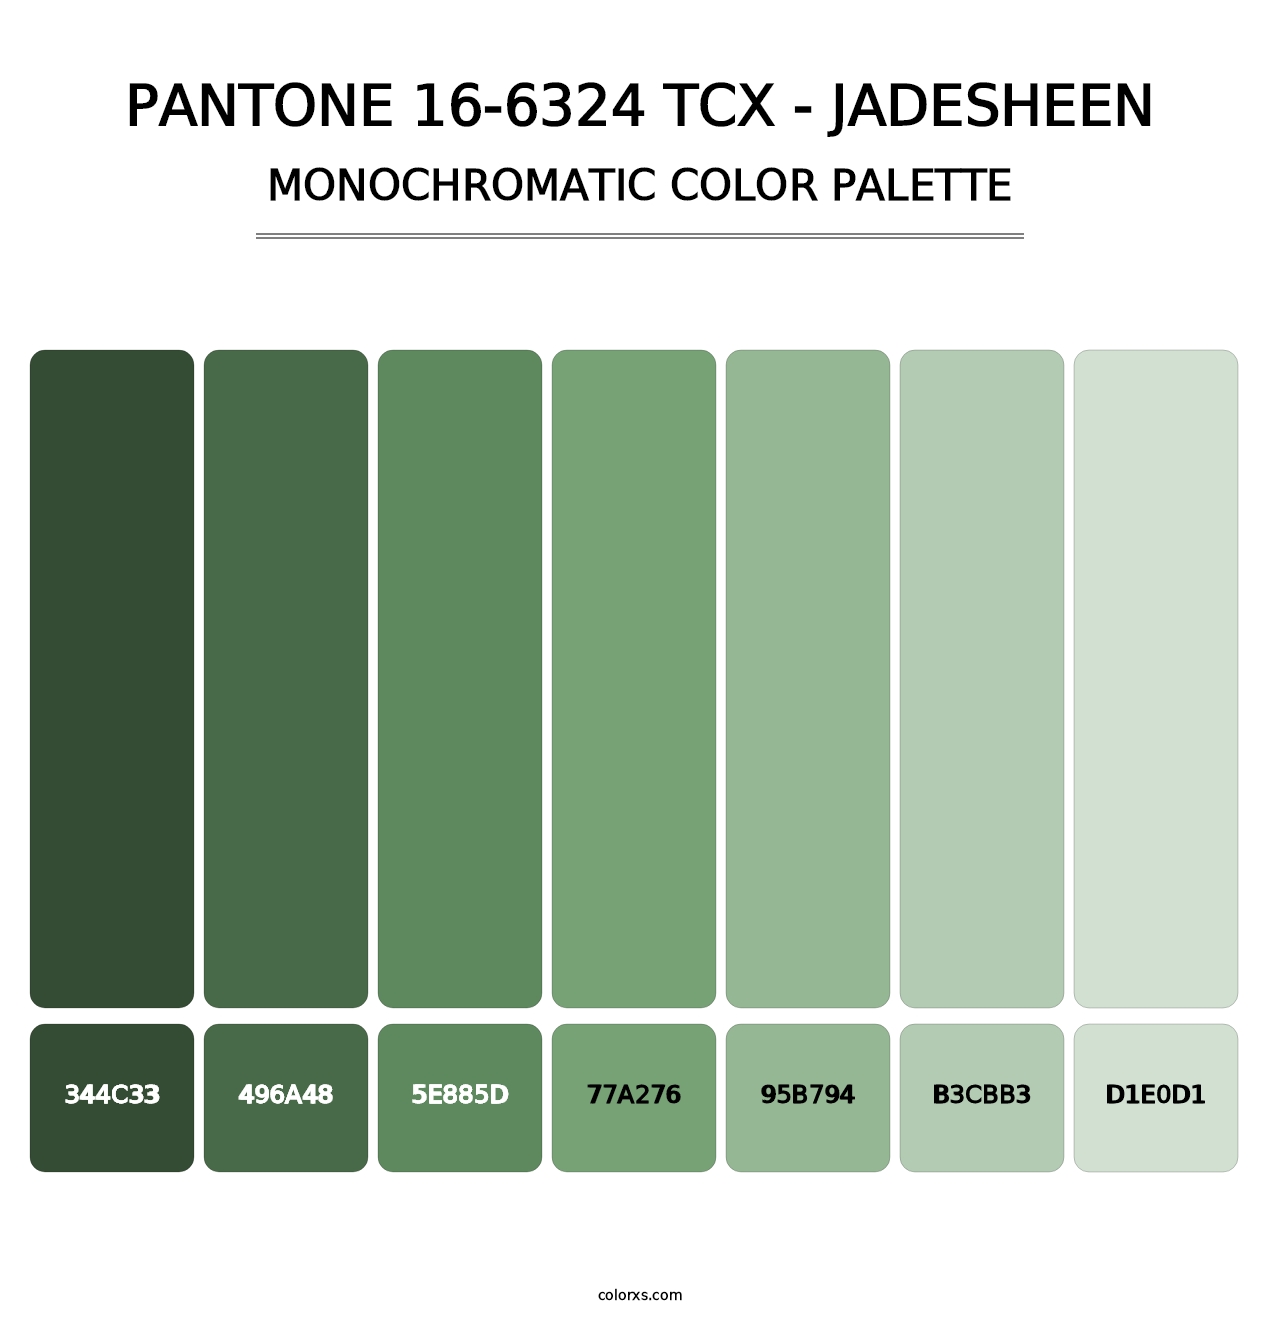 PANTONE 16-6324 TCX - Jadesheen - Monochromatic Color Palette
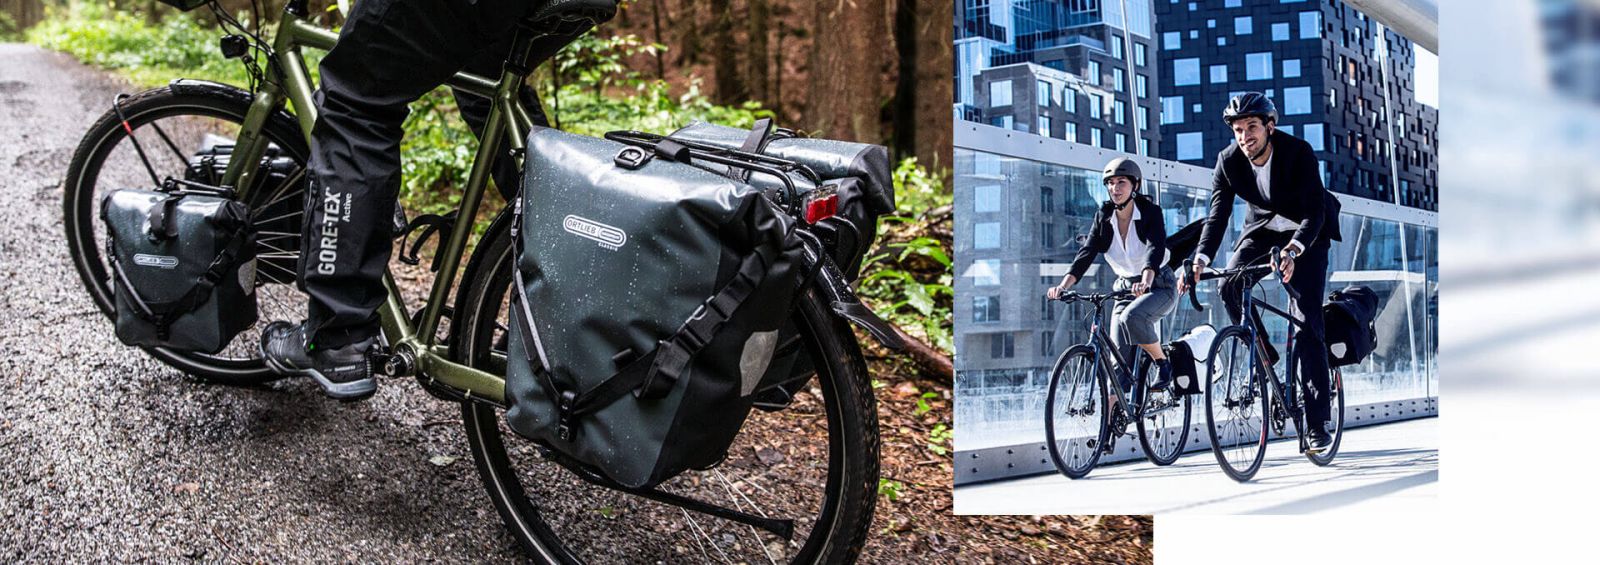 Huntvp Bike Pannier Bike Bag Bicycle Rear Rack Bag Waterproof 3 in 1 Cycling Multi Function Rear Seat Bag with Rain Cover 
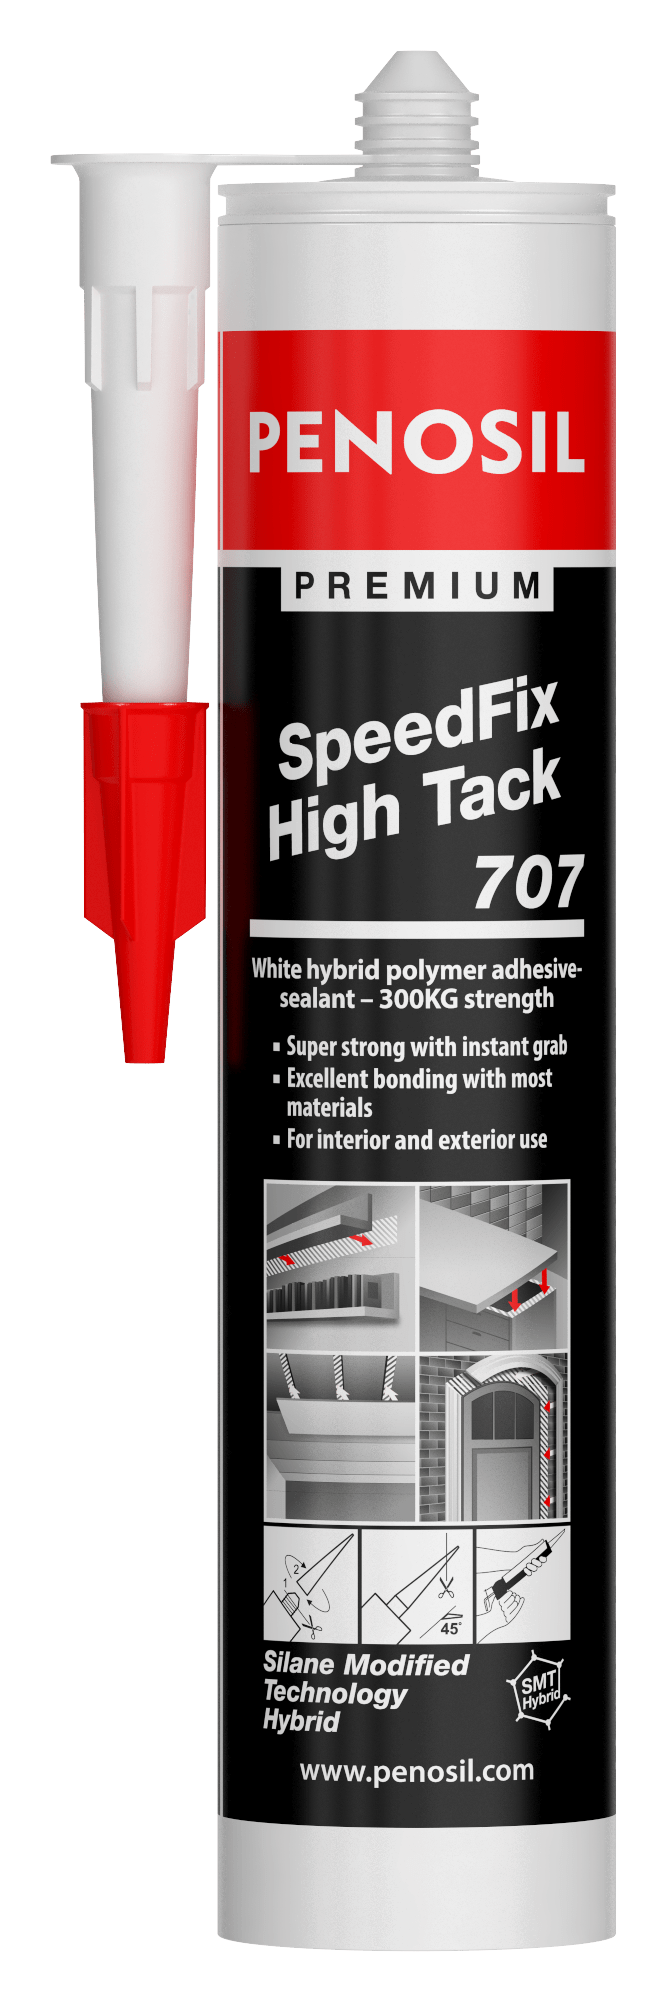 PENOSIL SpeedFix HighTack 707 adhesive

◆ Work order
In the answer, the data should reappear exactly, with no pictures.

◆ Task response
 PANTONE 16-6324 TCX - Jadesheen - Monochromatic Color Palette
 Huntvp Bike Pannier Bike Bag Bicycle Rear Rack Bag Waterproof 3 in 1 Cycling Multi Function Rear Seat Bag with Rain Cover 
 PENOSIL SpeedFix HighTack 707 adhesive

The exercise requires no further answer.